Reproduction of the original. The publishing house Megali specialises in reproducing historical works in large print to make reading easier for people with impaired vision.
Author : Chiyo Ishikawa,Seattle Art Museum Publisher : U of Nebraska Press Page : 252 pages File Size : 44,7 Mb Release : 2004-01-01 Category : Art ISBN : 9780803225053
Spain in the Age of Exploration, 1492-1819 by Chiyo Ishikawa,Seattle Art Museum Pdf
This publication accompanies an exhibition of approximately 120 works of art and science loaned mostly from the Royal Collection of Spain (Patrimonio Nacional) to the Seattle Art Museum.
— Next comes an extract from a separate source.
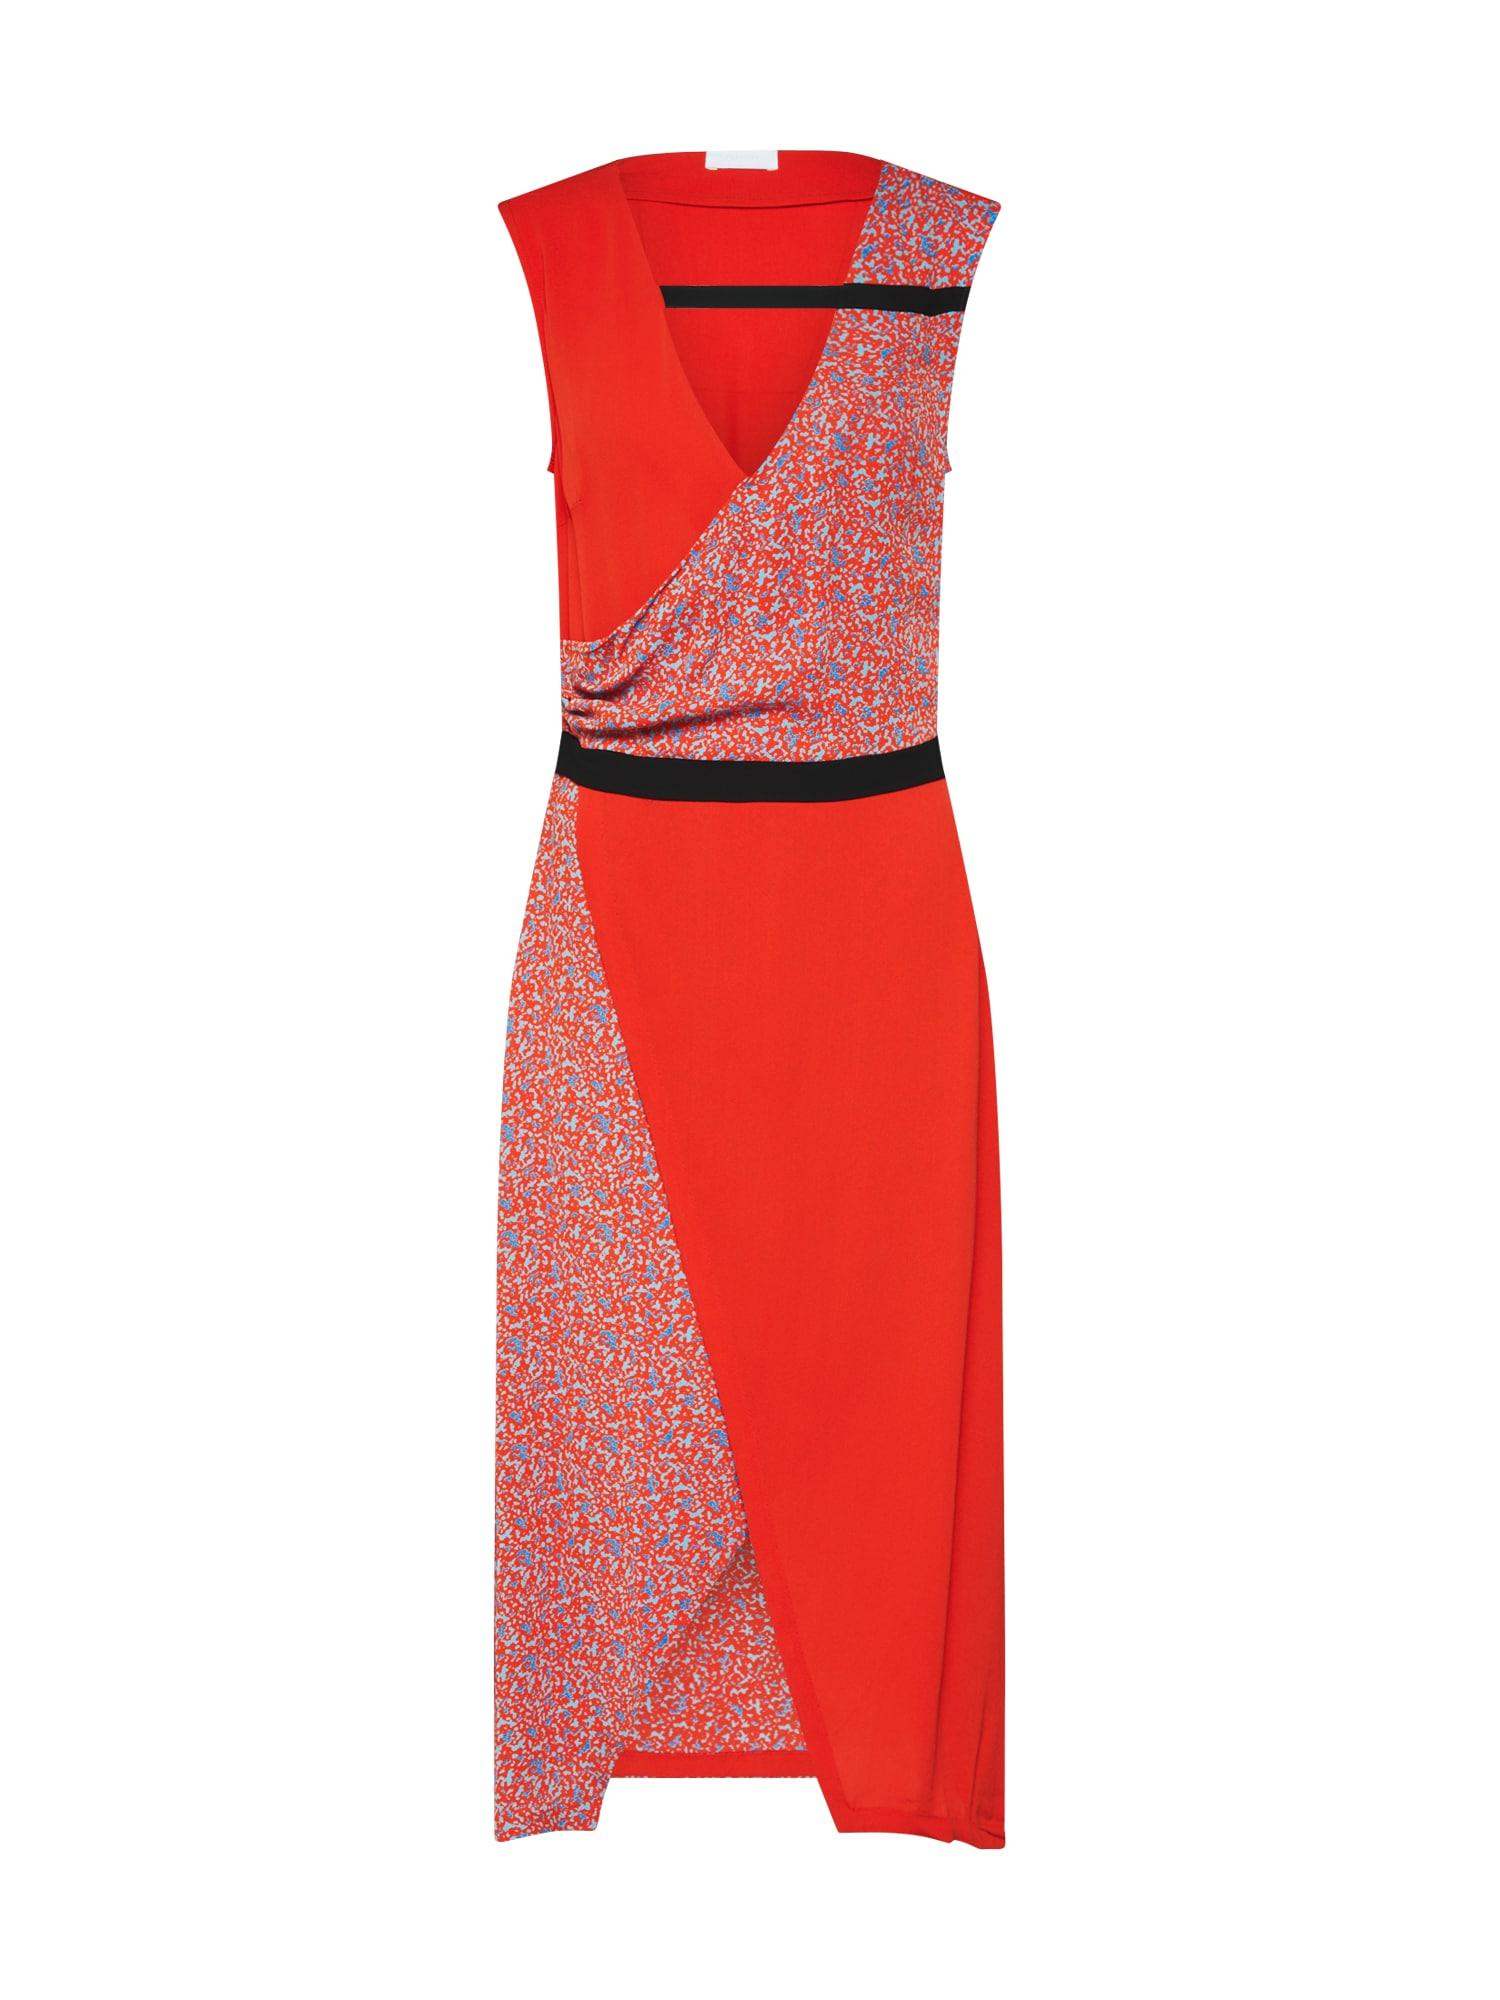 Letní šaty mix barev červená 2ND DAY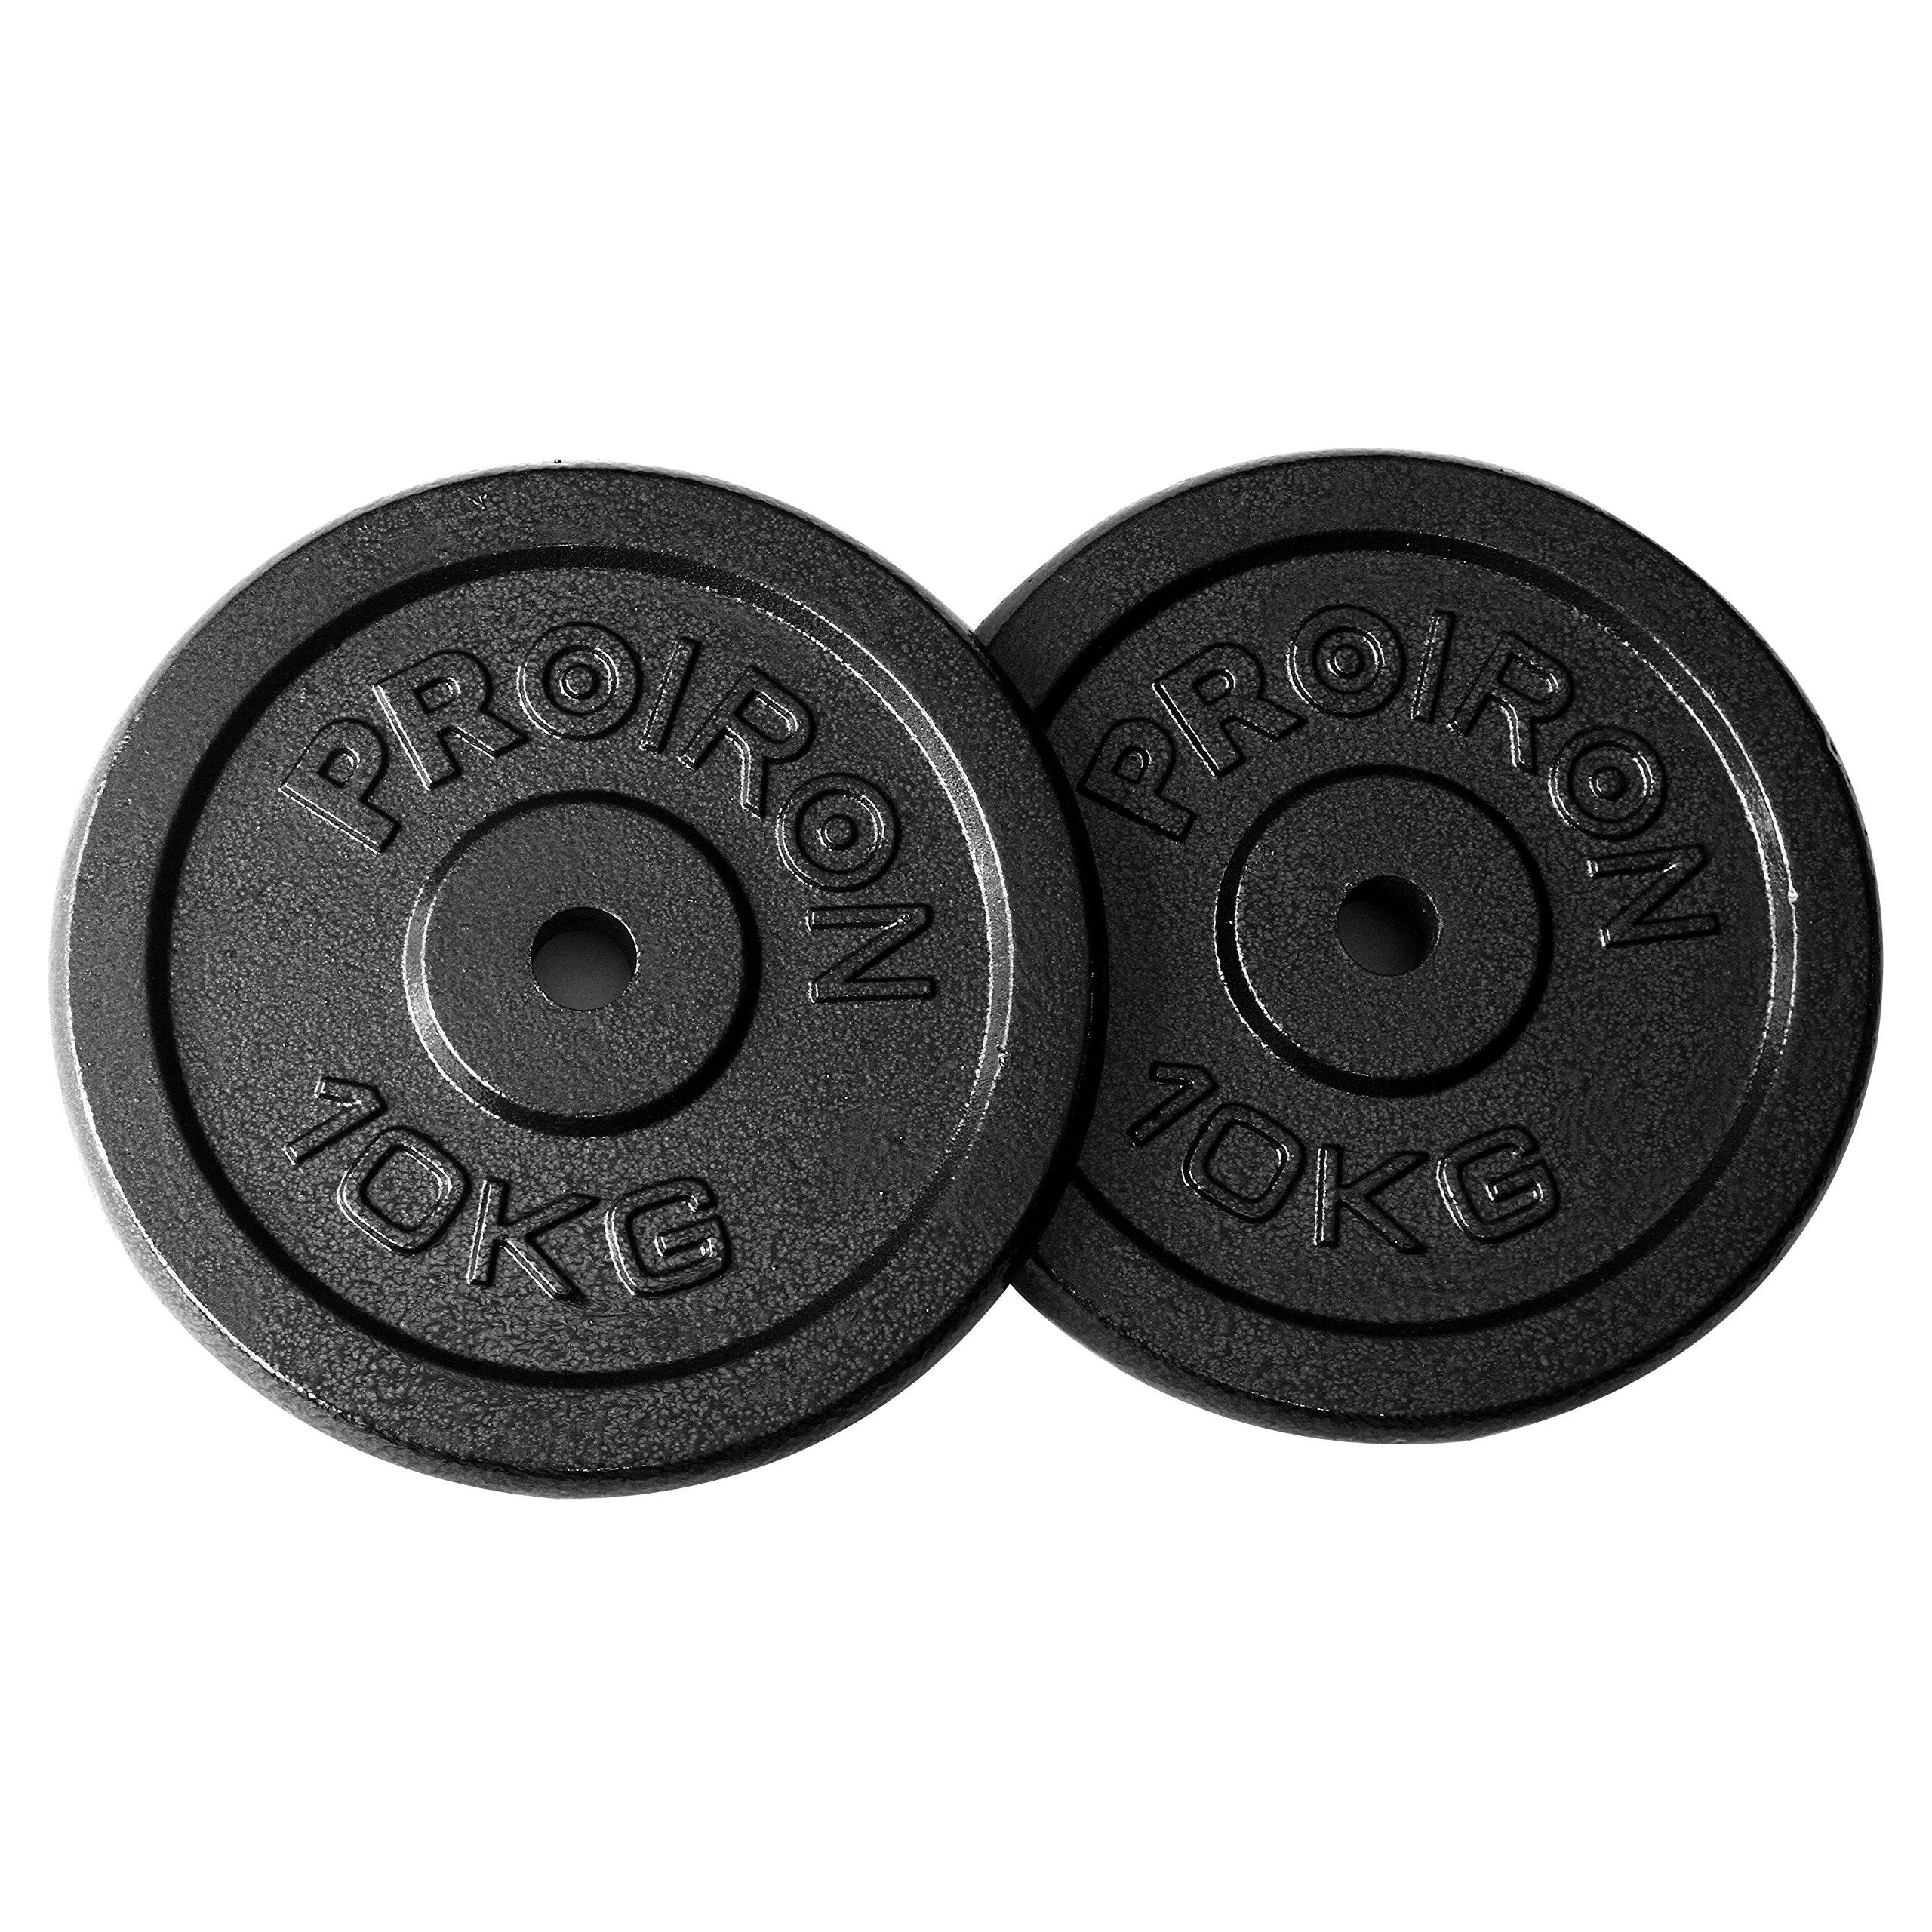 PROIRON Pesas de Disco Hierro Fundido Discos de Pesa para mancuerna musculación 4 x 1.25kg

Featuring the work of such artists as Bosch, Titian, El Greco, Bernini, Vel¾zquez, Murillo, Zubar¾n, and Goya, this publication includesøpaintings, sculpture, tapestries, scientific instruments, maps, armor, books, and documents. Eight essays provide historical context and artistic explication. Chronologically organized, the book charts the evolution of Spanish attitudes toward knowledge, exploration, and faith during three dynasties of Spain?s golden age, when the fervor for scientific and geographical knowledge coexisted with the expansion of empire and promotion of Christianity. The four themes of the exhibition are: The Image of Empire; Spirituality and Worldliness; Encounters across Cultures; Science and the Court. Spain in the Age of Exploration, 1492?1819, presents art and science from one of the most ambitious, magnificent, and complex enterprises in history.